The Sun editorial “Mr. Abbas’ mission” (Feb. 13) is a triumph of wishful thinking over analysis. Its self-contradictions and omissions include:

* Palestinian Authority President Mahmoud Abbas “would have to exercise the kind of statesmanship that has been sadly lacking among the Palestinians for generations” to lead a unity government of his Fatah movement and the terrorist Hamas to peace with Israel. “It’s too early to say” if he could.

It’s hardly too early to say the 74-year-old Mr. Abbas can’t and won’t. Yasser Arafat‘s right-hand man through more than 30 years of Fatah-led Palestine Liberation Organization mayhem, Mr. Abbas presides over a PA that celebrates terrorist “martyrs” at every opportunity. He personally rejected Israel’s 2008 offer of a West Bank and Gaza Strip state in return for peace.

* “Hamas’ hostility to Israel remains unrelenting” but “Mr. Abbas’ best hope to achieve his goal of Palestinian statehood” is to exert a “moderating influence over Hamas.”

The editorial appeared as leaders of the group visited Iran, seeking to assure their extremist patrons that “resistance” to Israel — the genocidal aim of both Hamas’ charter and Tehran’s mullahs — won’t be sacrificed in a Palestinian unity government. As its Islamization drive in the Gaza Strip indicates, Hamas is driven more by theology than practical politics.

* The Sun compares “signs of similar moderation of political Islam in Egypt, Tunisia” and elsewhere as Islamist parties come to power in the “Arab Spring.”

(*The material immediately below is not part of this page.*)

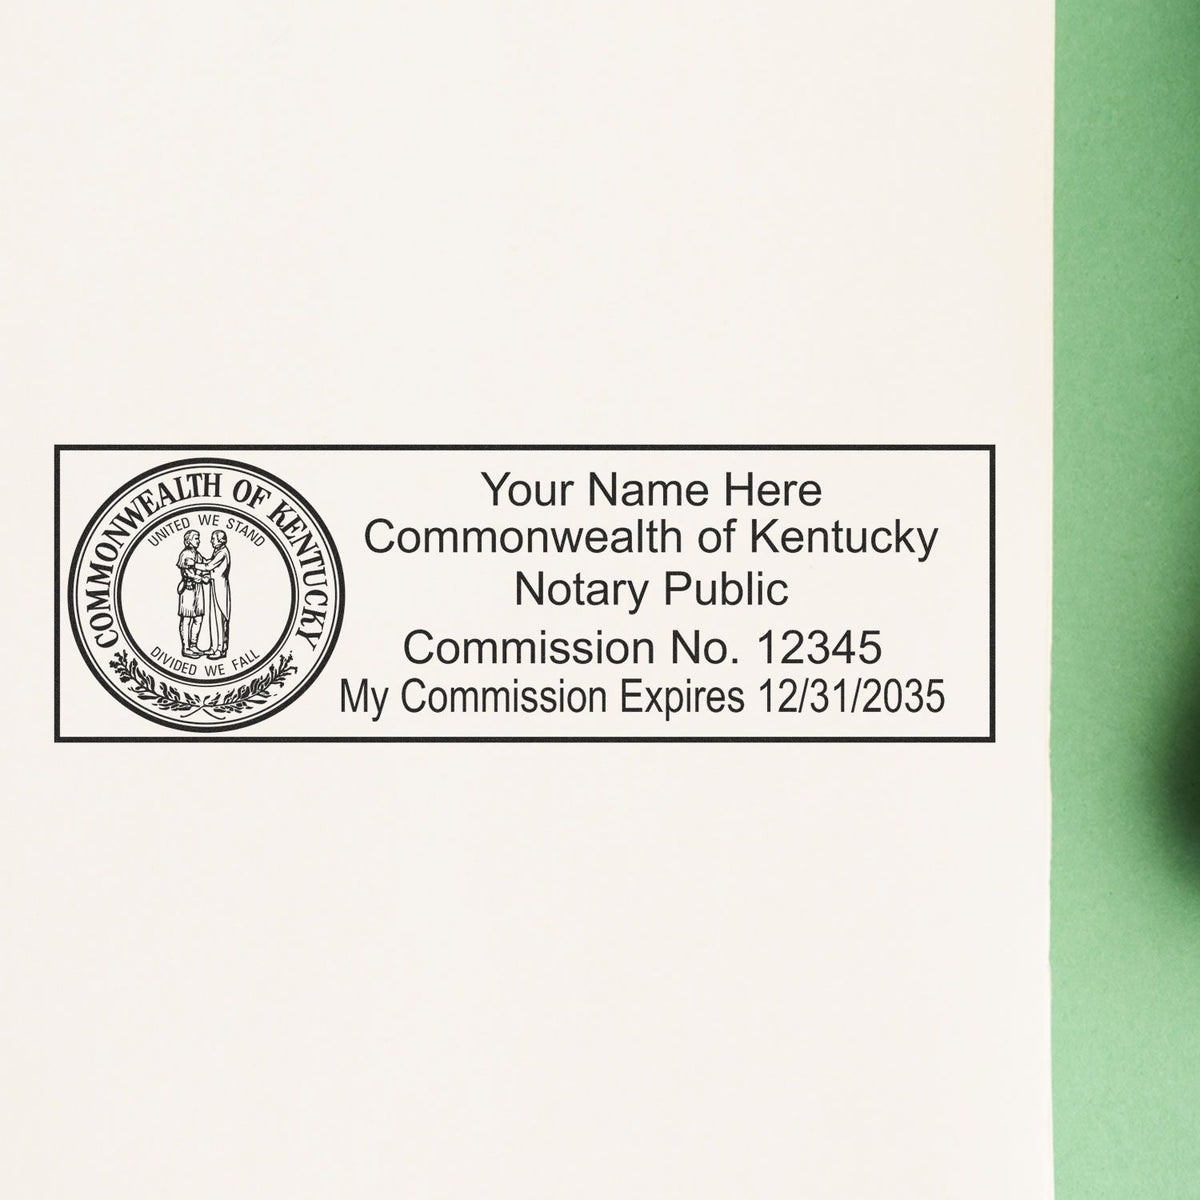 The Slim Pre-Inked State Seal Notary Stamp for Kentucky stamp impression comes to life with a crisp, detailed photo on paper - showcasing true professional quality.
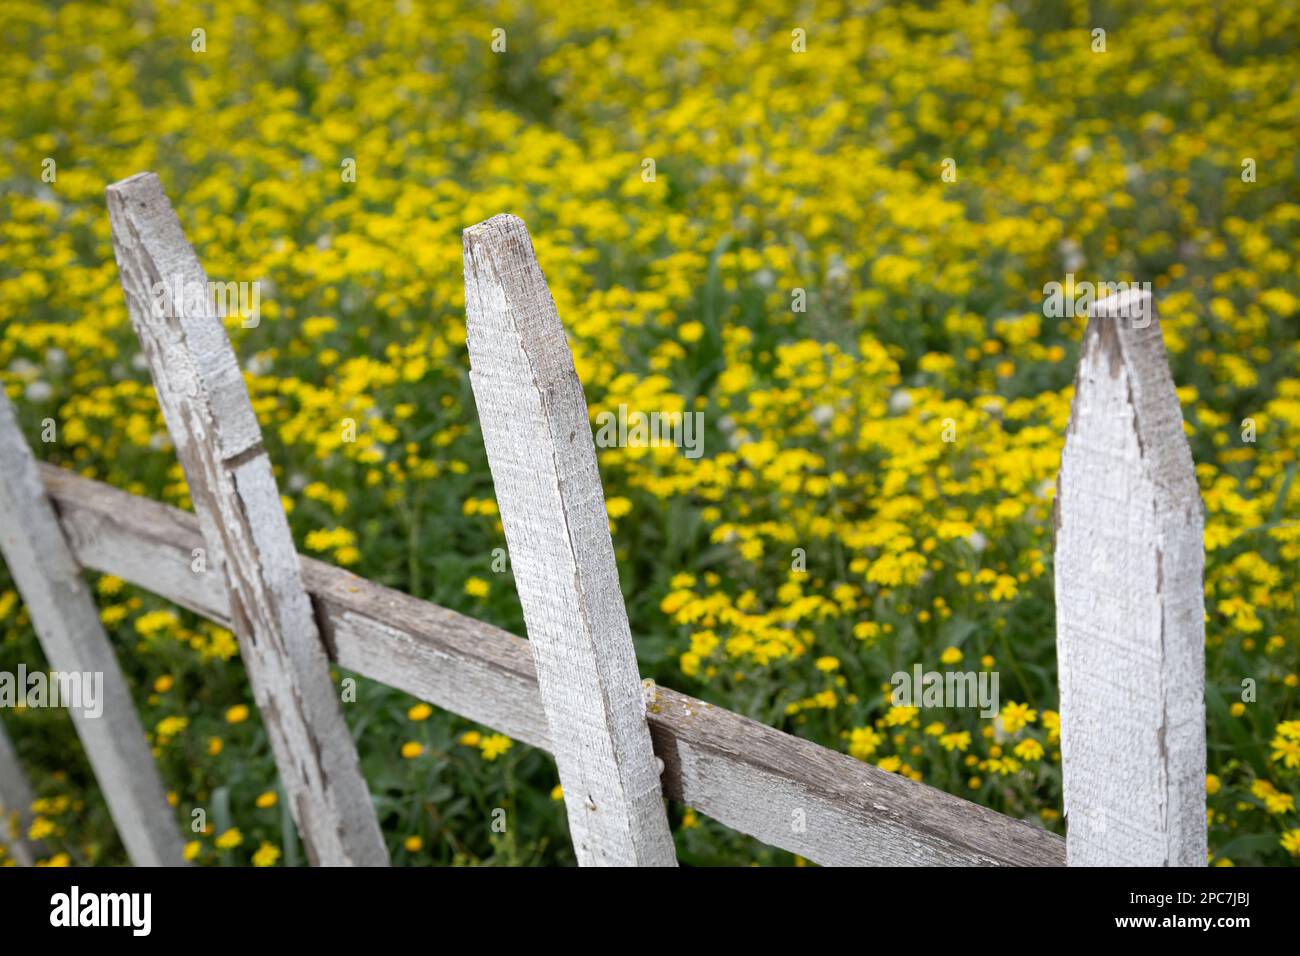 Yellow spring flowers behind white painted wooden fence. White wooden fences in selective focus. Nature, gardening, flower concept. Stock Photo

Tunisians even under their previous dictatorship were relatively conciliatory toward Israel. As for Egypt, on its Arabic-language Web site, as opposed to the English version, the Muslim Brotherhood reasserts its fundamentalist and anti-American positions; moderates have been expelled or left the movement’s leadership. Combined with the even more reactionary Salafists, Islamists overwhelmingly dominate Egypt’s new parliament, to the fears of the country’s large Coptic Christian minority. More likely Hamas would pull Fatah, still seen by many Palestinian Arabs as corrupt and ineffective — and kept in power in the West Bank largely through Israeli support — in its direction in a unity government.

Hope may spring eternal in “Mr. Abbas’ mission,” but it’s sparsely supported.

Eric Rozenman, Washington

The writer is Washington director of the Committee for Accuracy in Middle East Reporting in America.